→ What needs to be done: Produce an exact transcription of the data, with the images left out.

→ Stored data:
· · · · ·

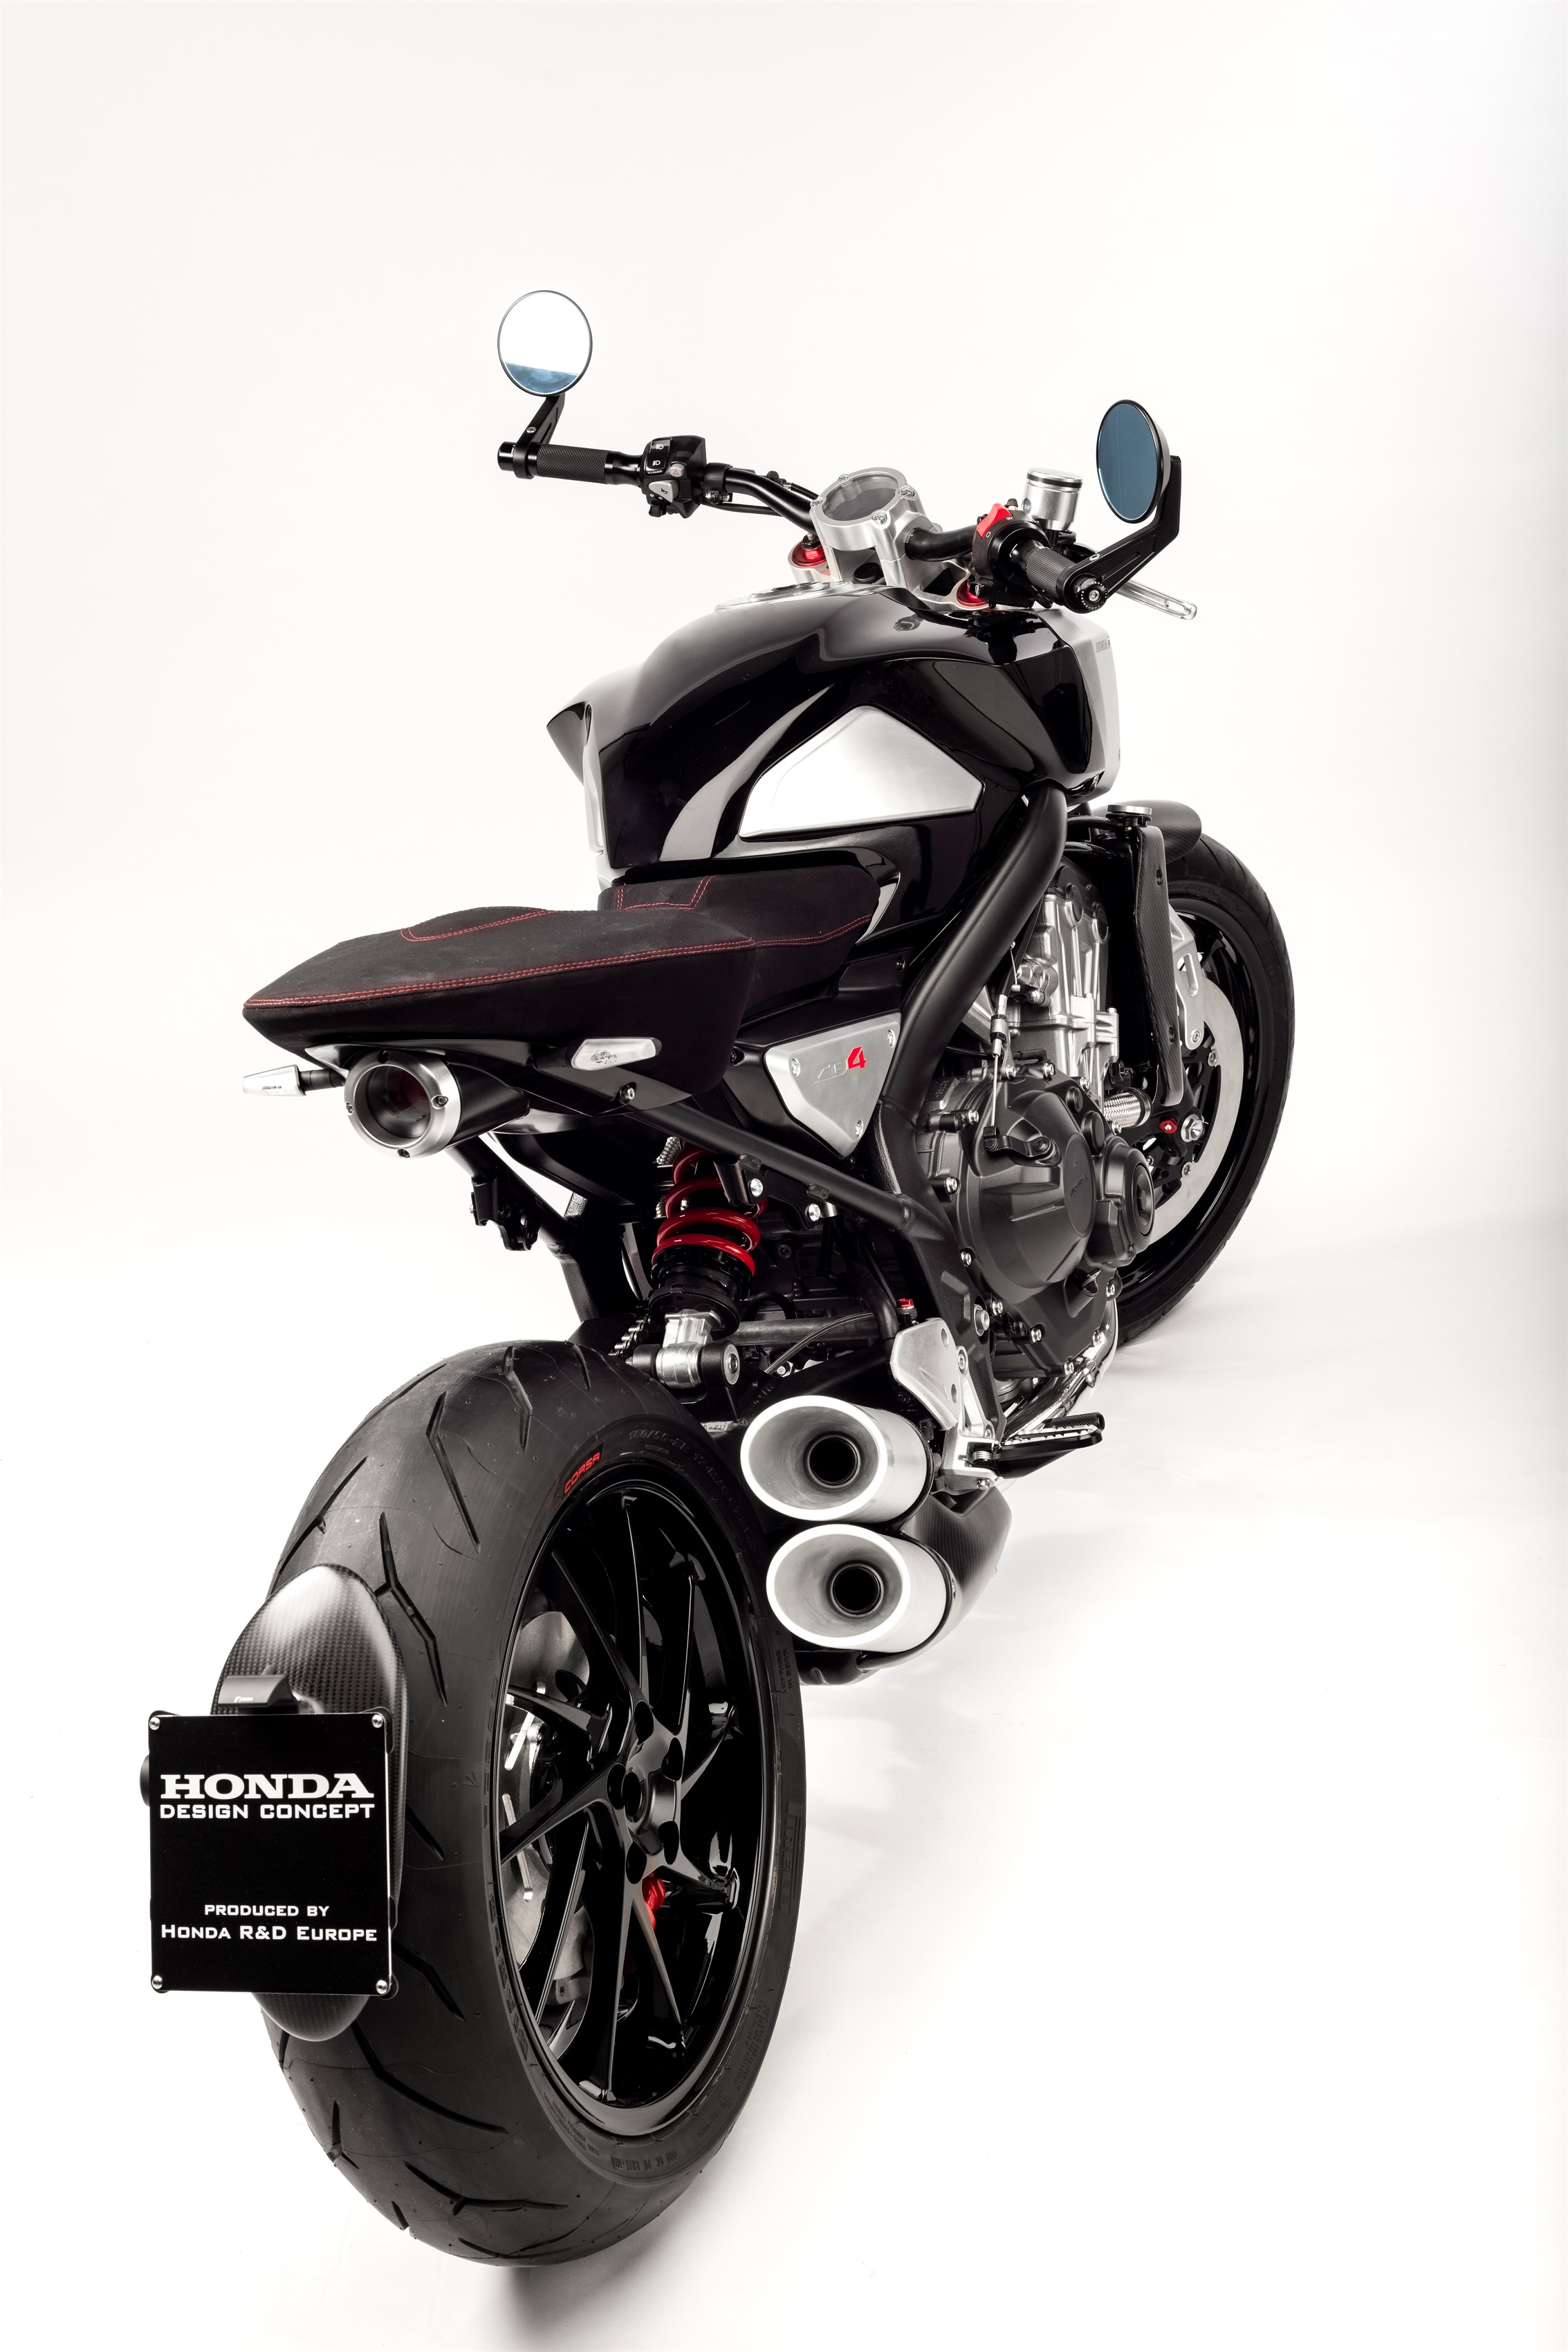 Honda's scrambler
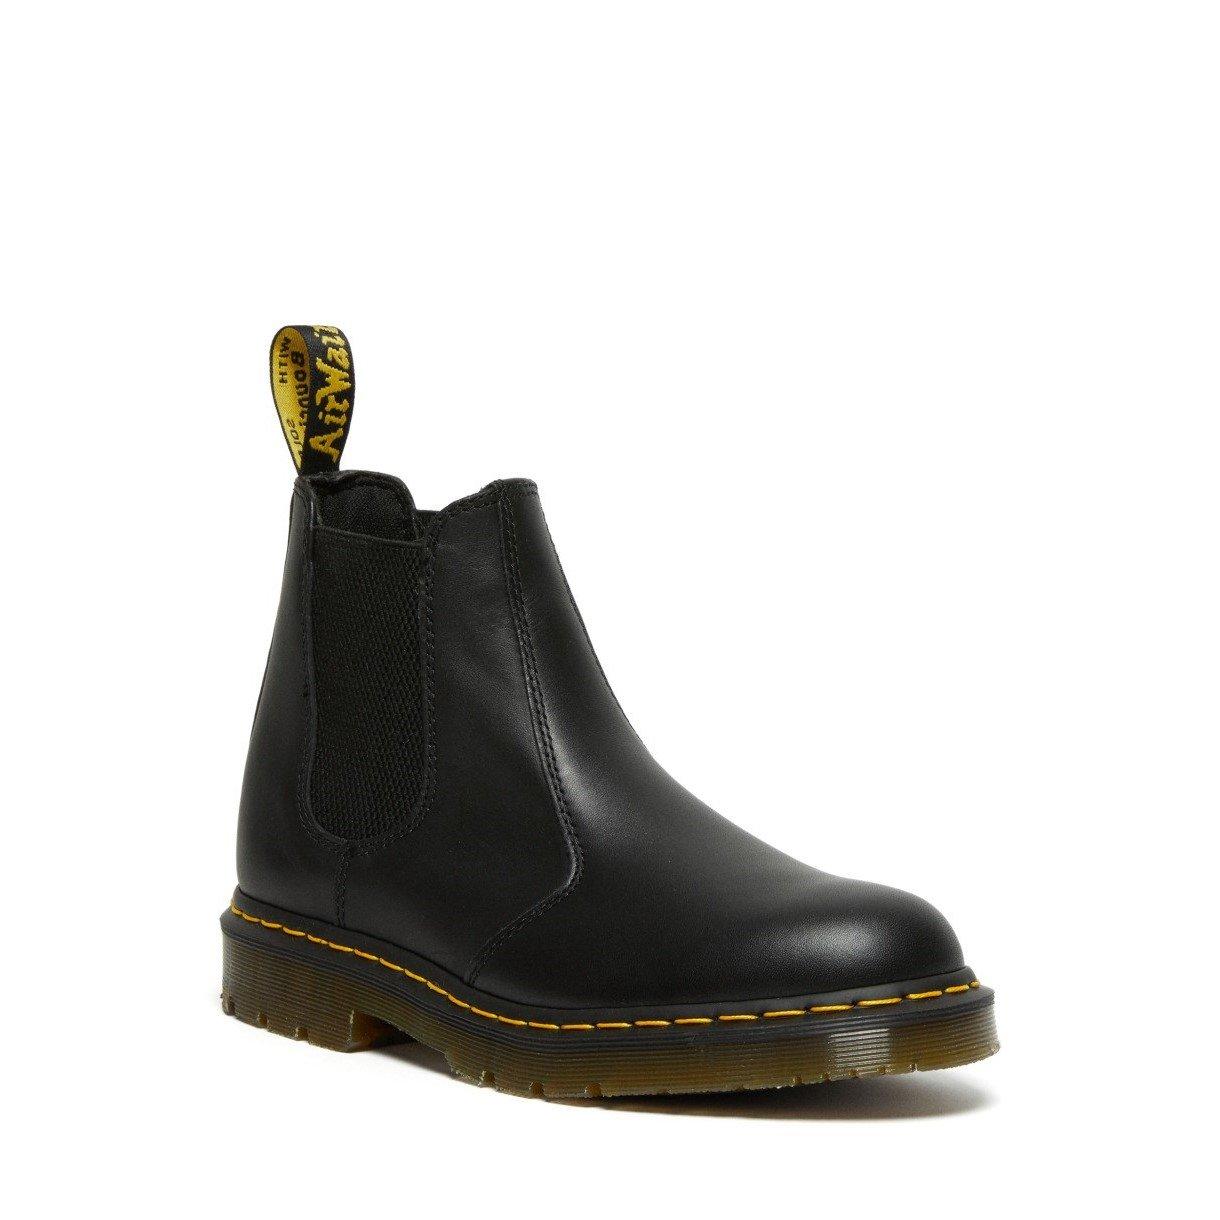 Dr Martens Unisex Slip Resistant Leather Chelsea Boots Black 34023 - Black 3
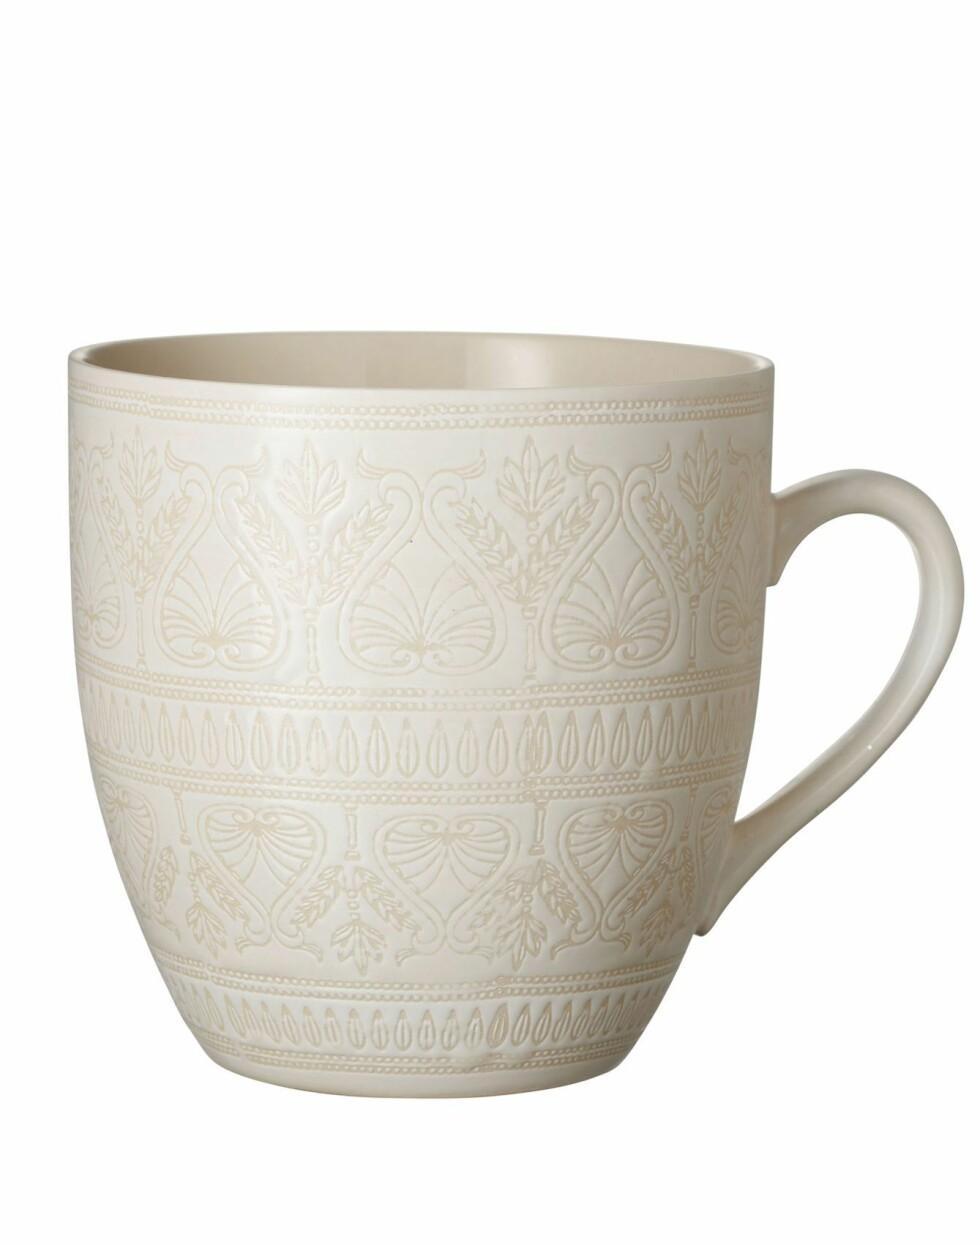 Krus fra Indiska  99,-  https://indiska.com/no/Interi%C3%B8r/Glass-%26-porselen/krus-og-boller/XL-MUG/p/1000008117105

· · · · ·

→ Expected output:
 Honda's scrambler
 Dr Martens Unisex Slip Resistant Leather Chelsea Boots Black 34023 - Black 3
 Krus fra Indiska  99,-  https://indiska.com/no/Interi%C3%B8r/Glass-%26-porselen/krus-og-boller/XL-MUG/p/1000008117105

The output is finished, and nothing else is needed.